With an estimated 2 million Filipinos living in the Middle East, these countries all have a very human link to the Philippines. But it is also a problematic one, since some Filipino migrant workers arrive illegally or stay on after their visas have expired, risking deportation of themselves and/or their children.

And even those with the proper documentation have – together with other migrant workers from Southeast Asia – faced inhumane conditions in the Gulf countries, including working in scorching temperatures without adequate water; living in unsanitary conditions; and being denied access to their passports by employers who force them to work extremely long days, sometimes without pay or days off. And they often enjoy very little legal protection, as illustrated by the execution of a 17-year-old Sri Lankan maid in Saudi Arabia last year, which sparked widespread criticism not only from human rights organizations but Saudis themselves.

Saudi Arabia is currently rounding up illegal workers, after an amnesty recently expired. So even as Prince Talal was pledging $100,000, hundreds of Filipino workers were being brought to a deportation center. And Israel, which for years had a relatively liberal policy of allowing family members to accompany migrant workers, also has been strongly criticized for a 2009 decision to deport immigrant children who do not meet strict criteria, inspiring the Filipino film “Transit” that came out this year.

While many migrant workers have lived in the region for years, and raised funds for previous disasters, typhoon Haiyan is on a far bigger scale.

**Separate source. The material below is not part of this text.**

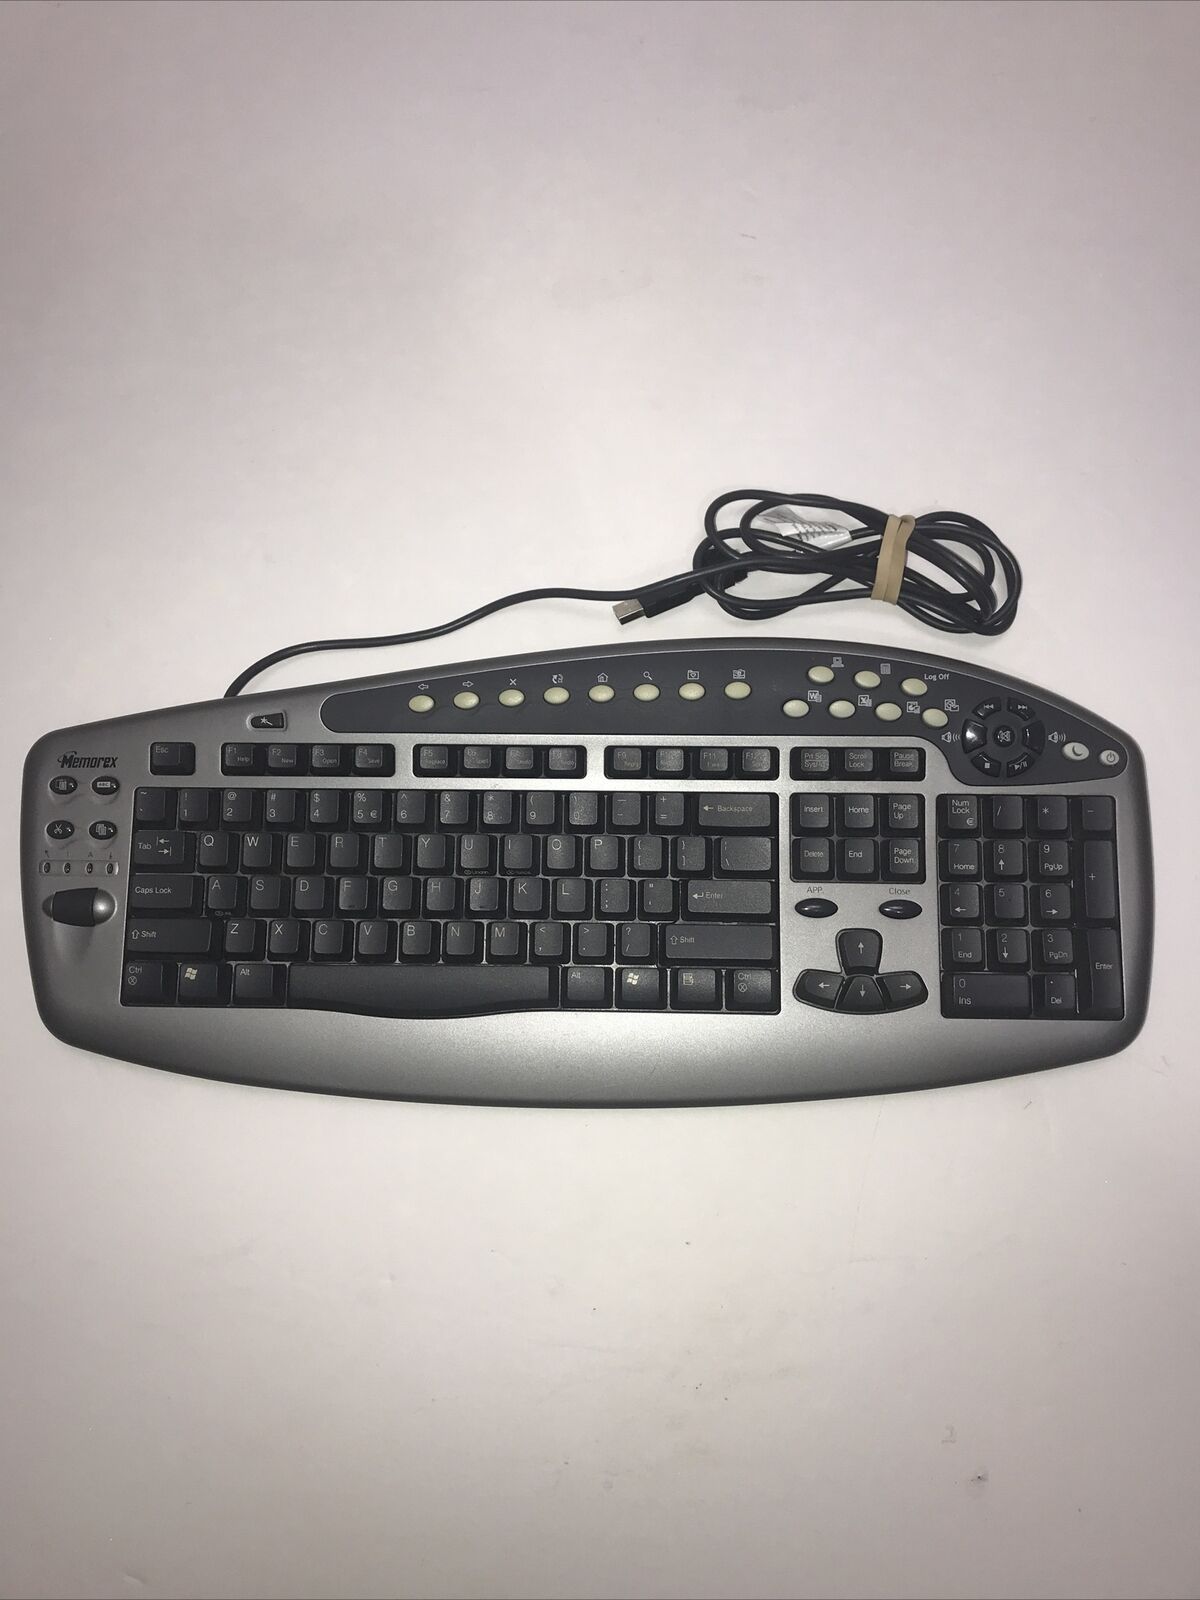 Memorex MX3300 Multimedia Keyboard USB 120 Key Tested And Works

Even for those whose families are safe, the destruction of their homes represents years of hard-earned remittances washed away in a moment. Though Filipino migrant workers’ remittances account for nearly 10 percent of the national GDP back home, according to The National newspaper in Abu Dhabi, they have little influence over political decisions – such as how much to invest in disaster preparedness.

But Filipino ambassador to the UAE Grace Princesa says she plans to launch a disaster management education program for Filipinos in the Emirates. That way, she suggests, they will be able to send back not only remittances but also knowledge that could help save their families from future disasters.